#### Exercise
In the copy, every line of the material that follows must appear exactly, and no pictures should.

#### Data excerpt
___
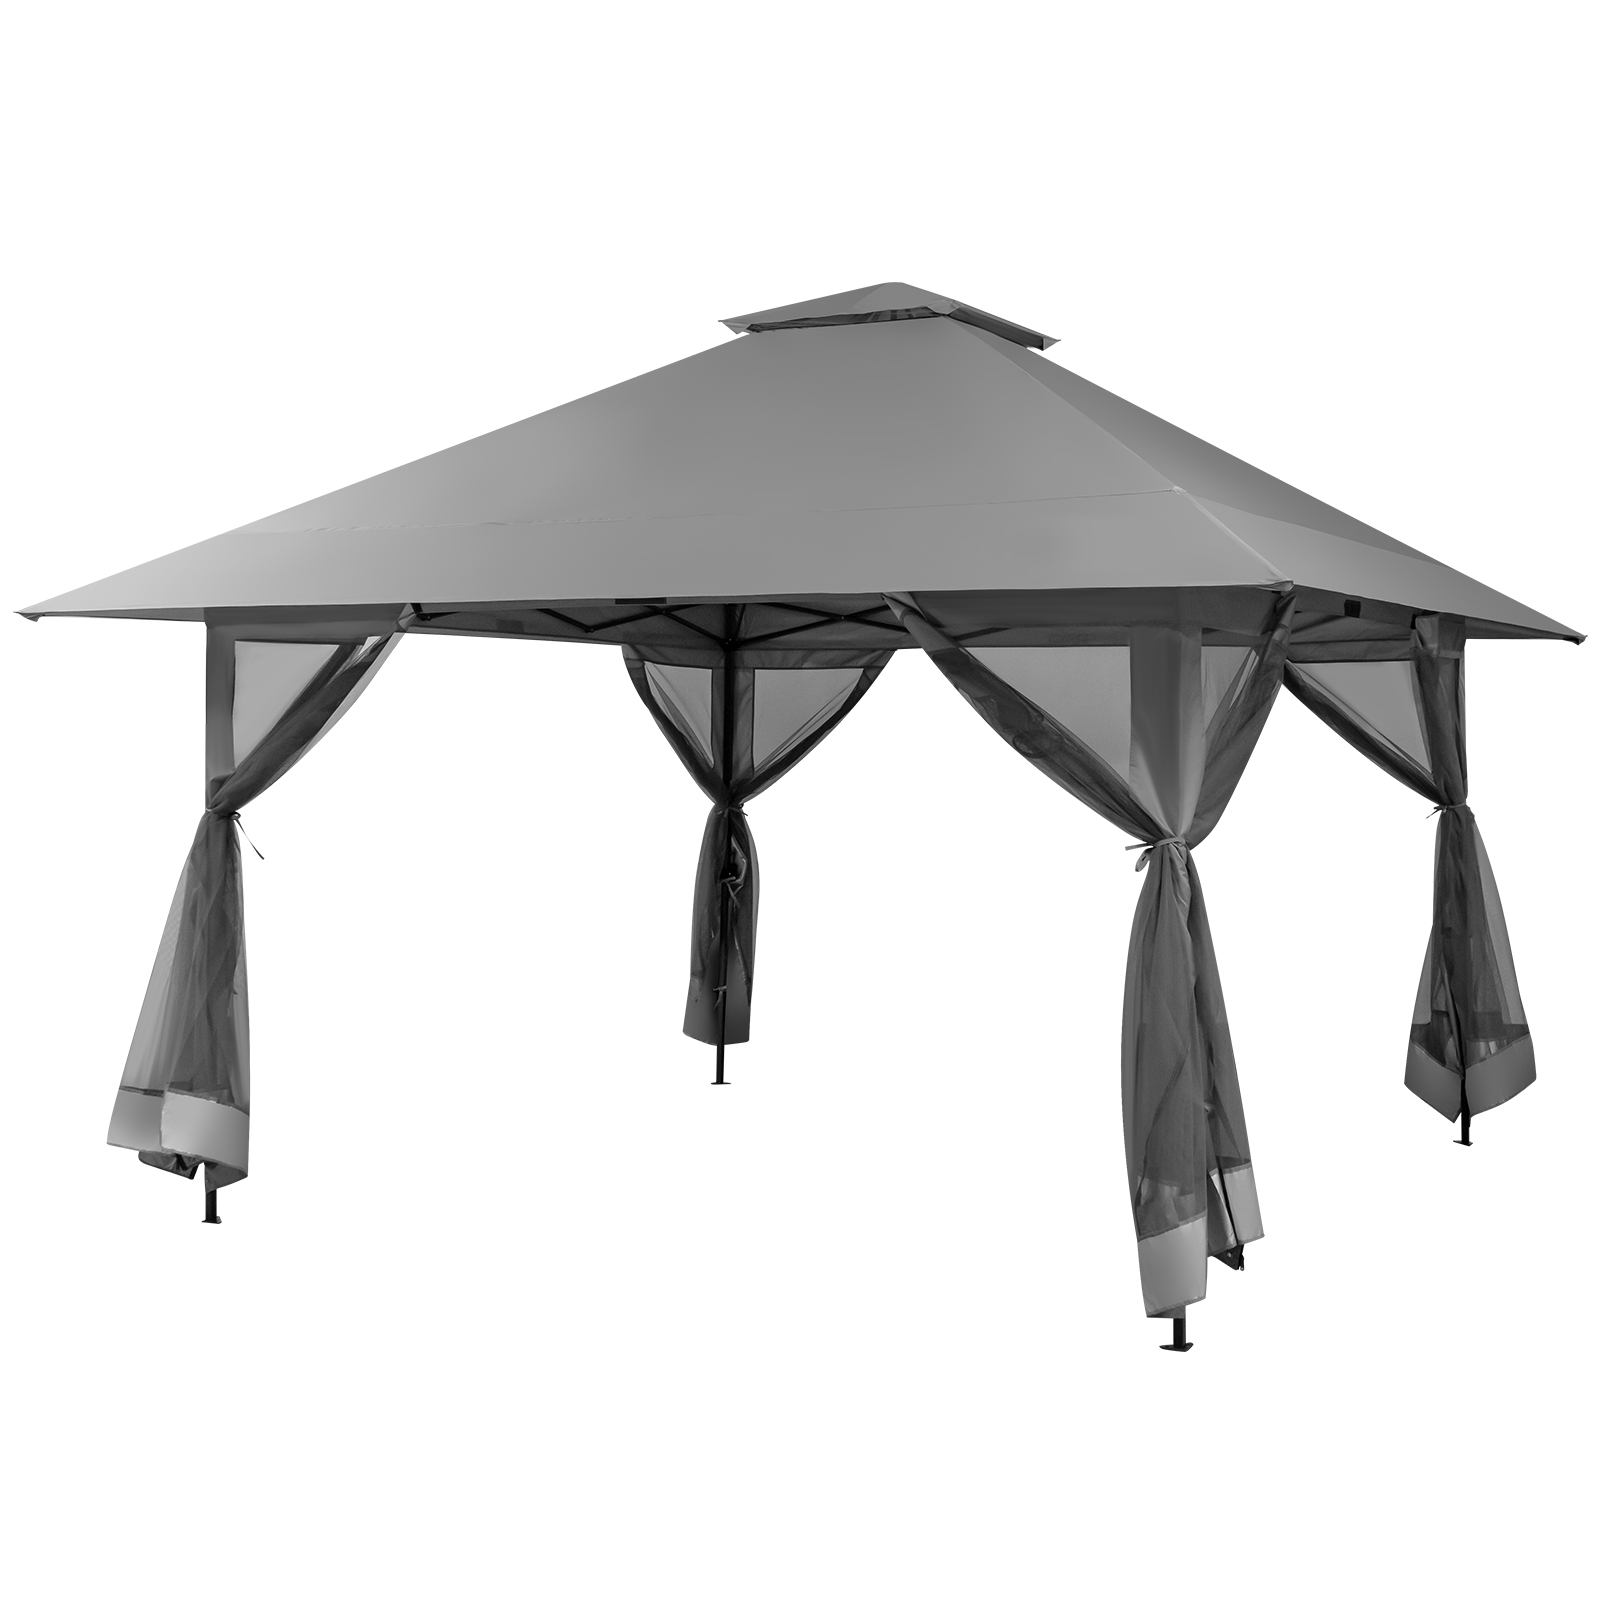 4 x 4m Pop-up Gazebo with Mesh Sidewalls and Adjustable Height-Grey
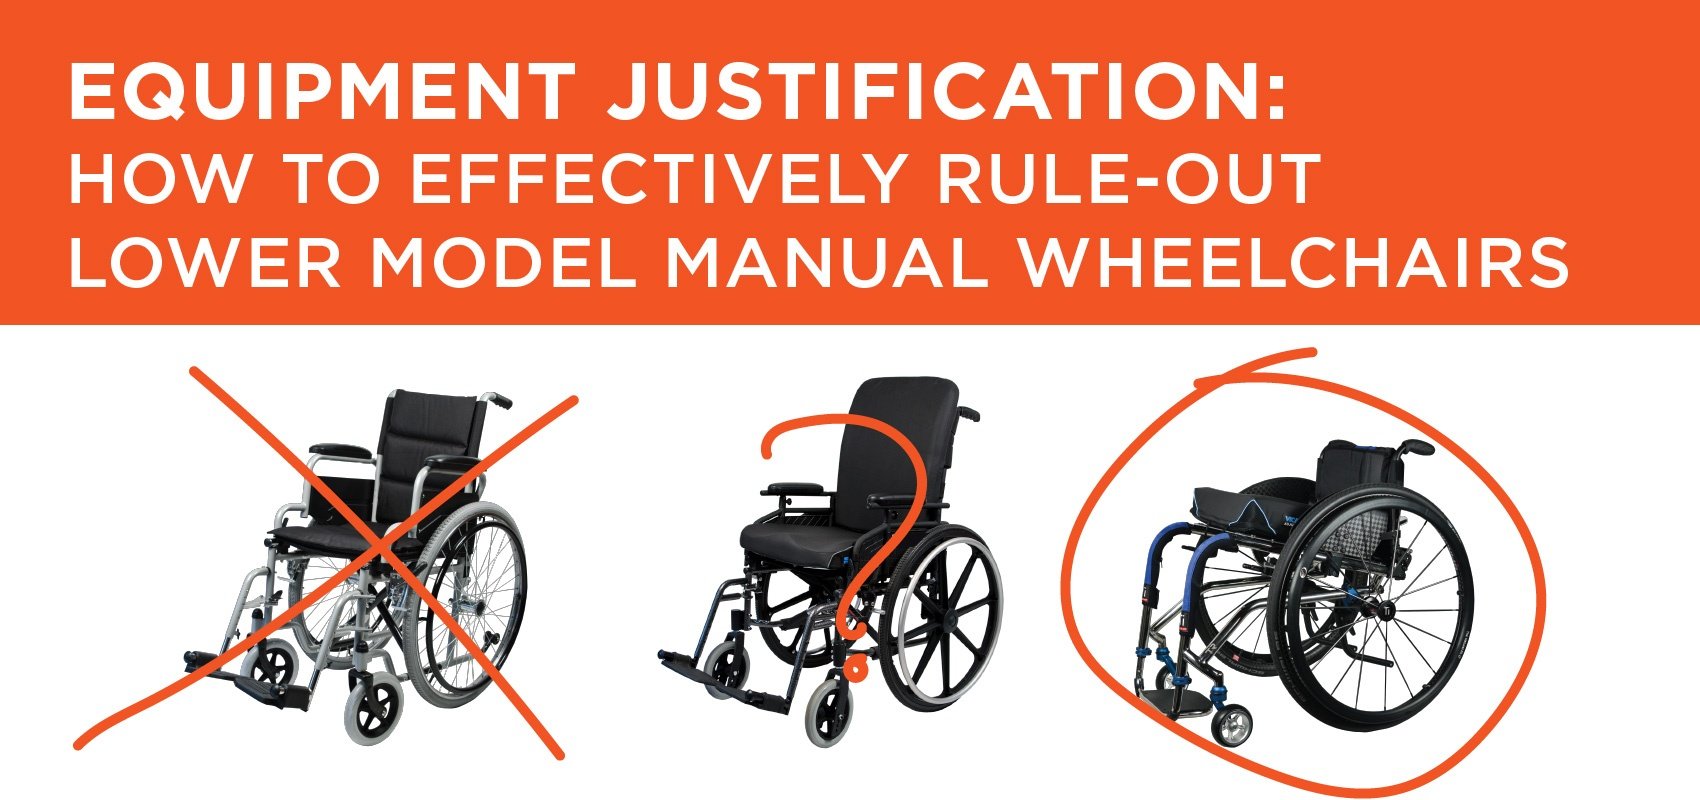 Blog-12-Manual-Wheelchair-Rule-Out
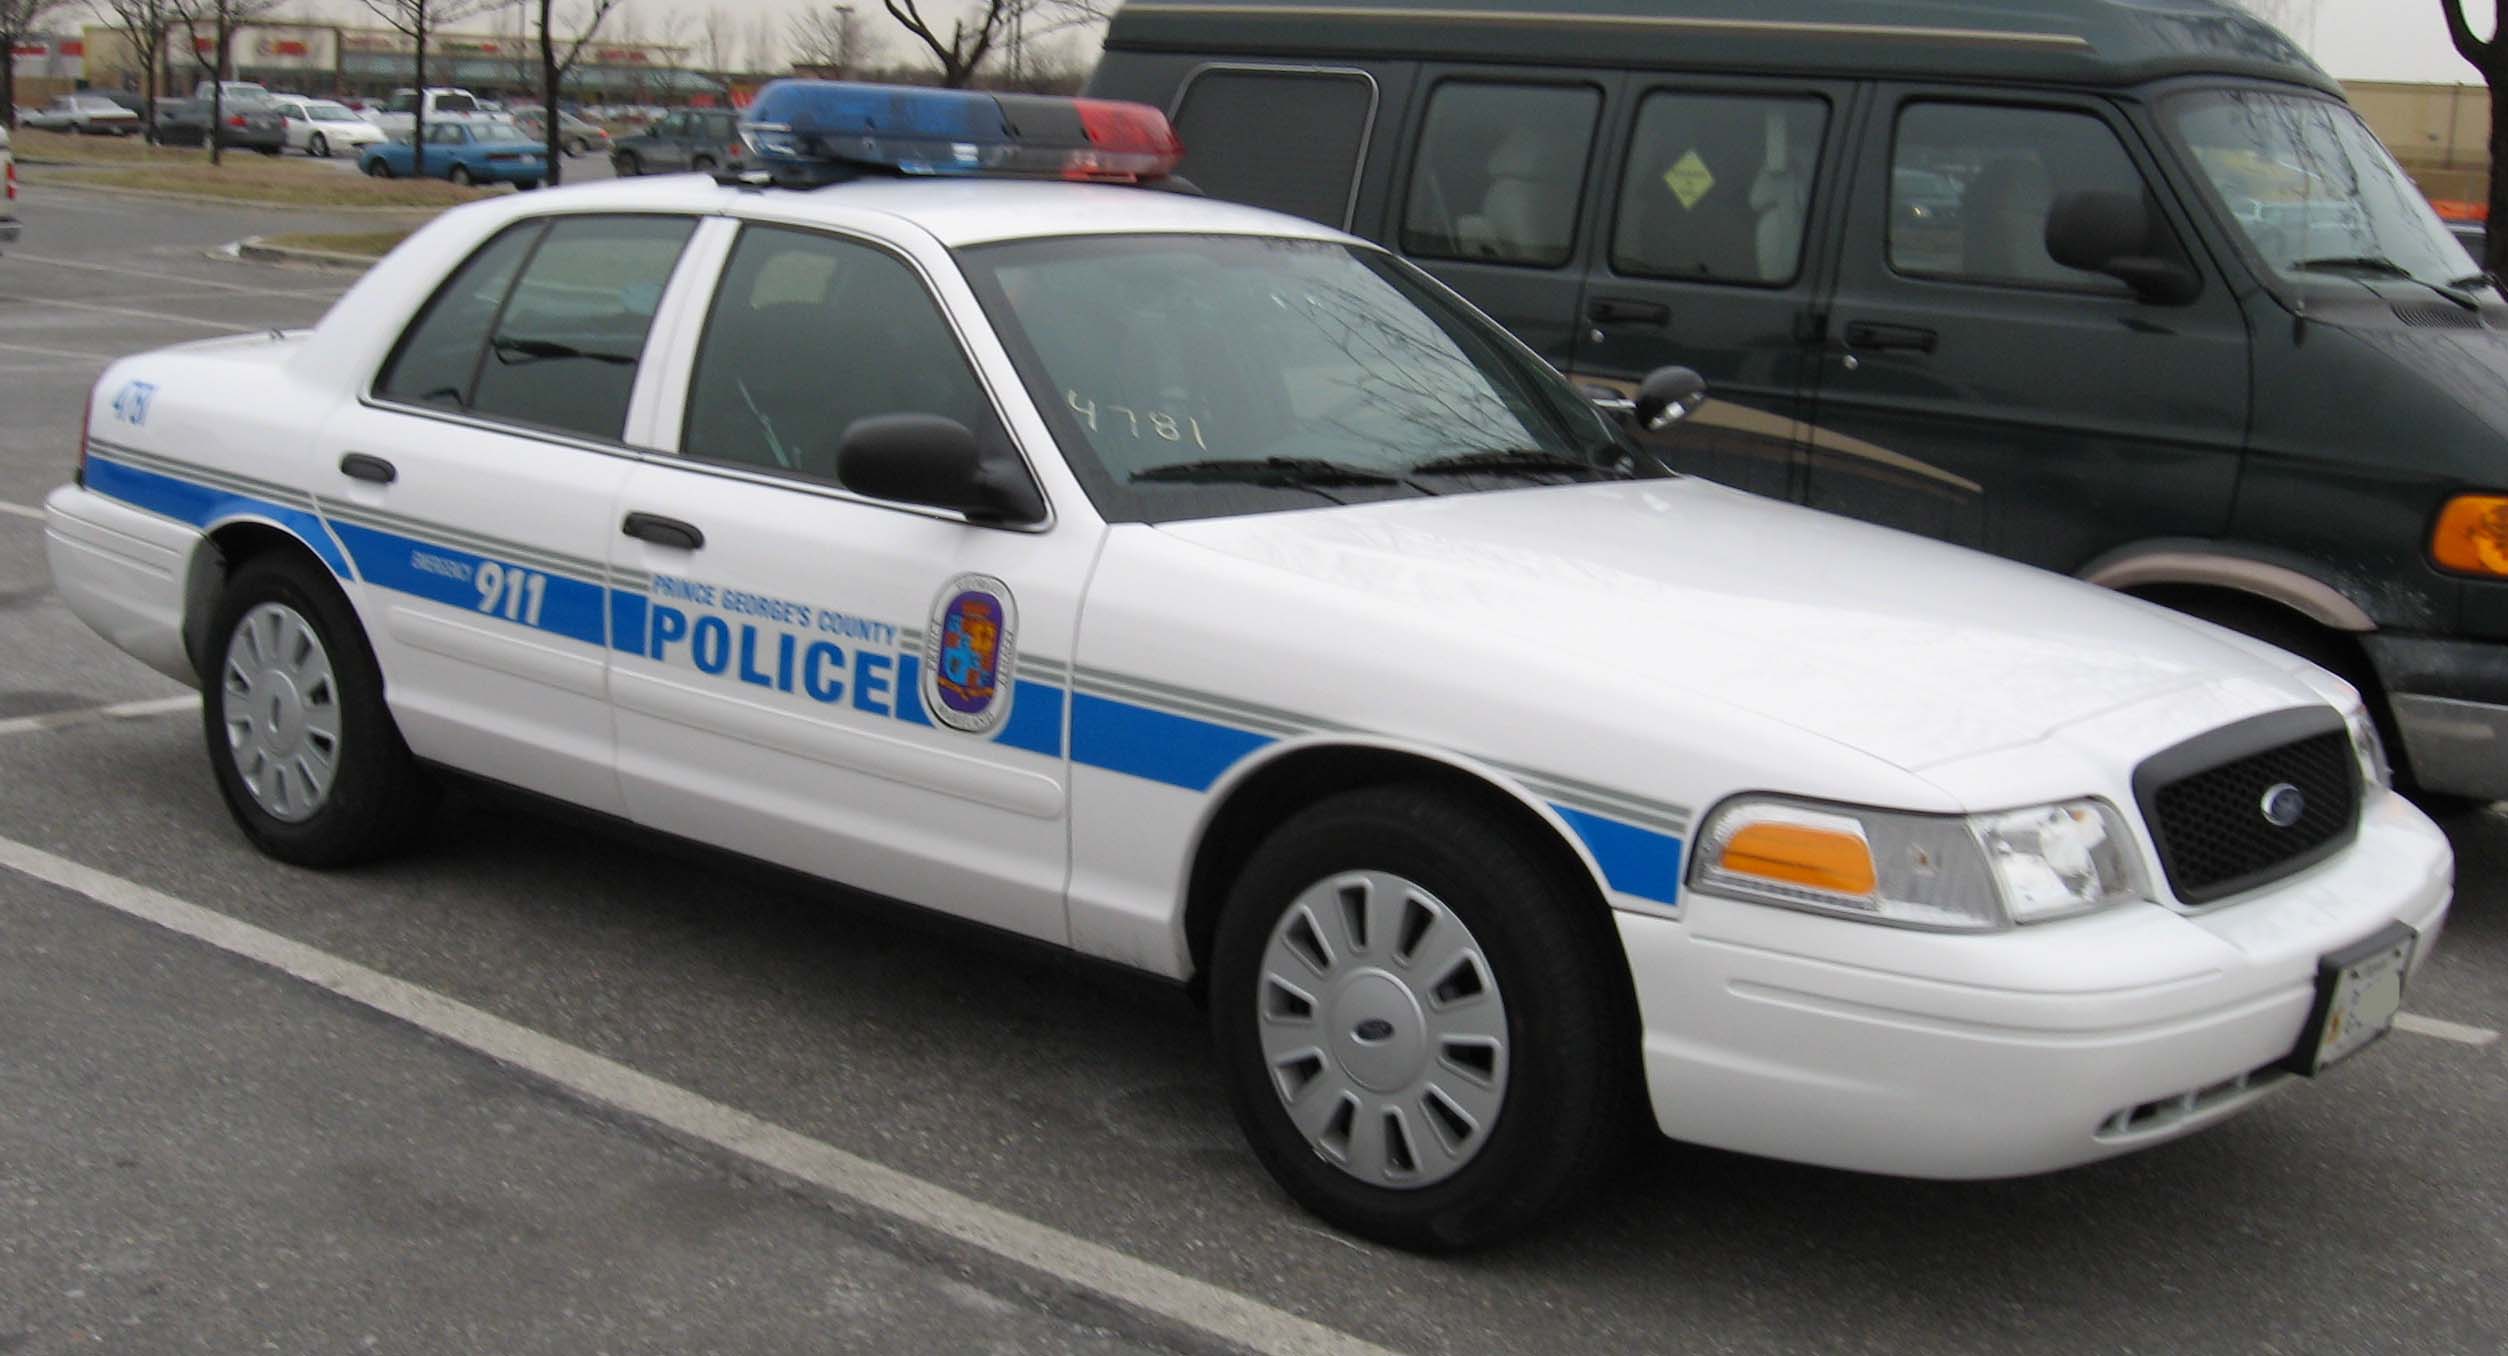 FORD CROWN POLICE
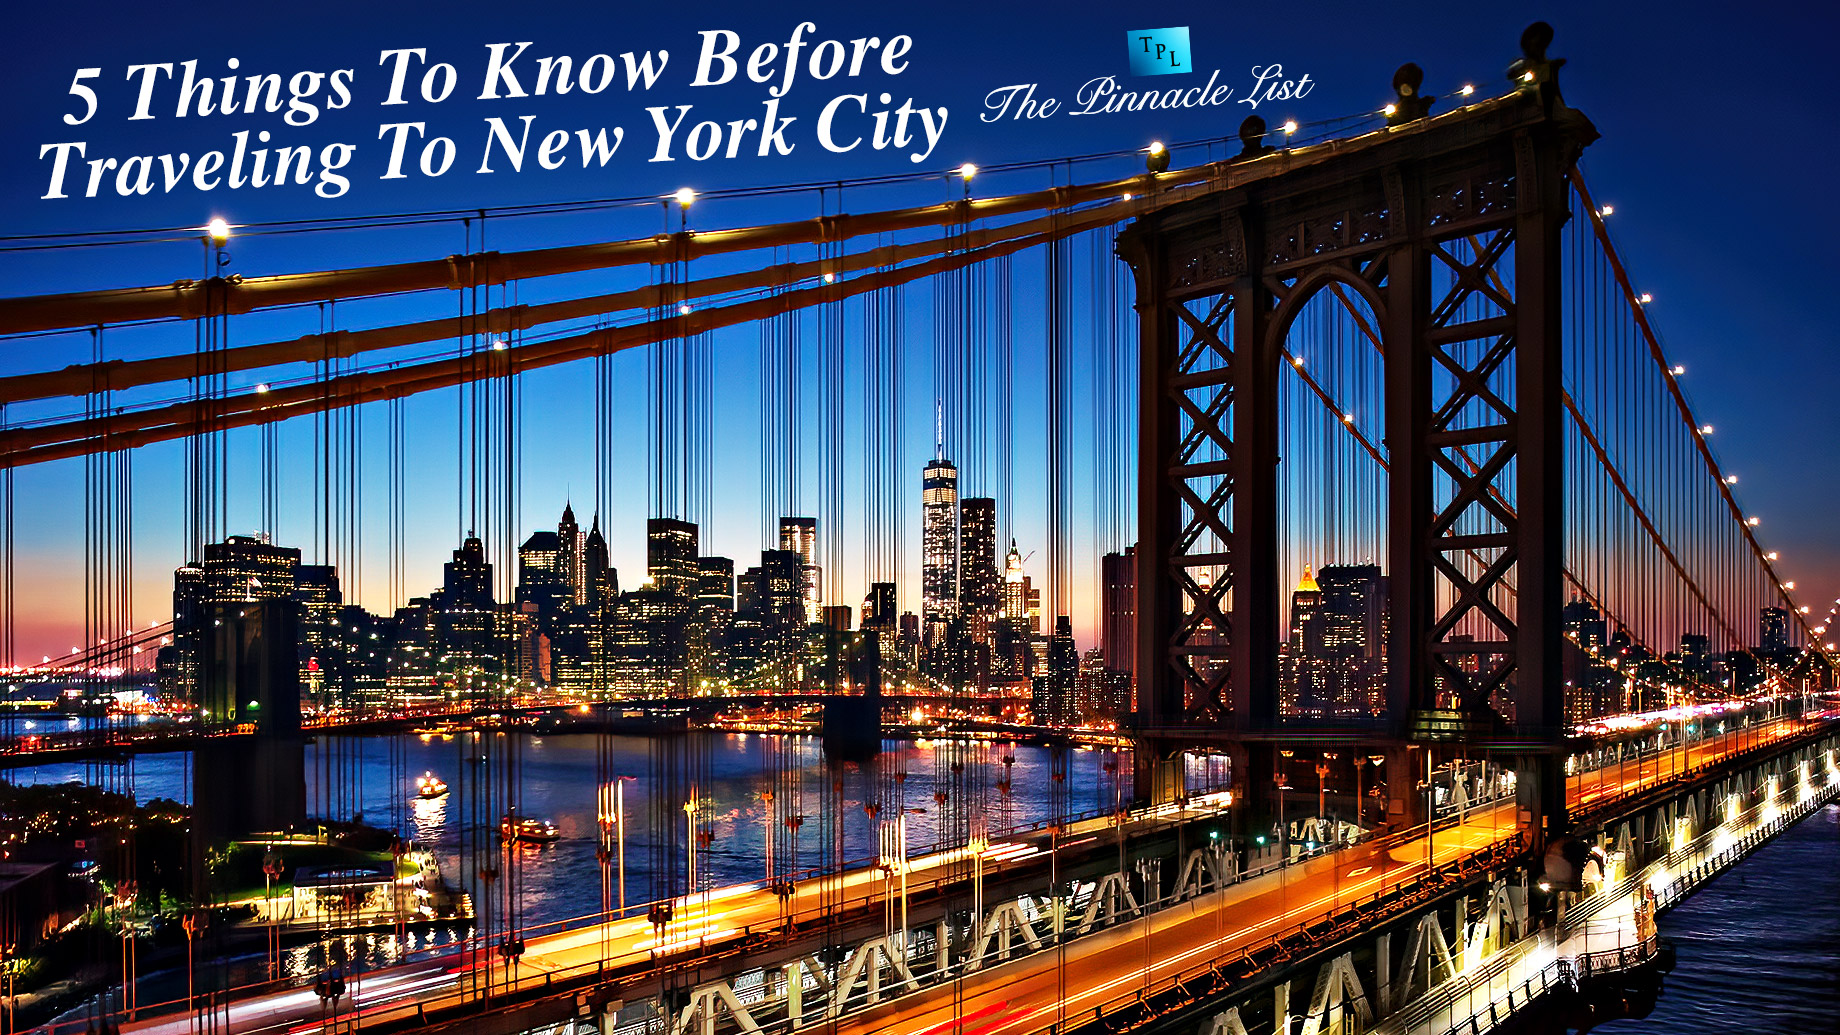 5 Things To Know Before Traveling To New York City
___
#### Worked solution
 4 x 4m Pop-up Gazebo with Mesh Sidewalls and Adjustable Height-Grey
 Blog-12-Manual-Wheelchair-Rule-Out
 FORD CROWN POLICE
 5 Things To Know Before Traveling To New York City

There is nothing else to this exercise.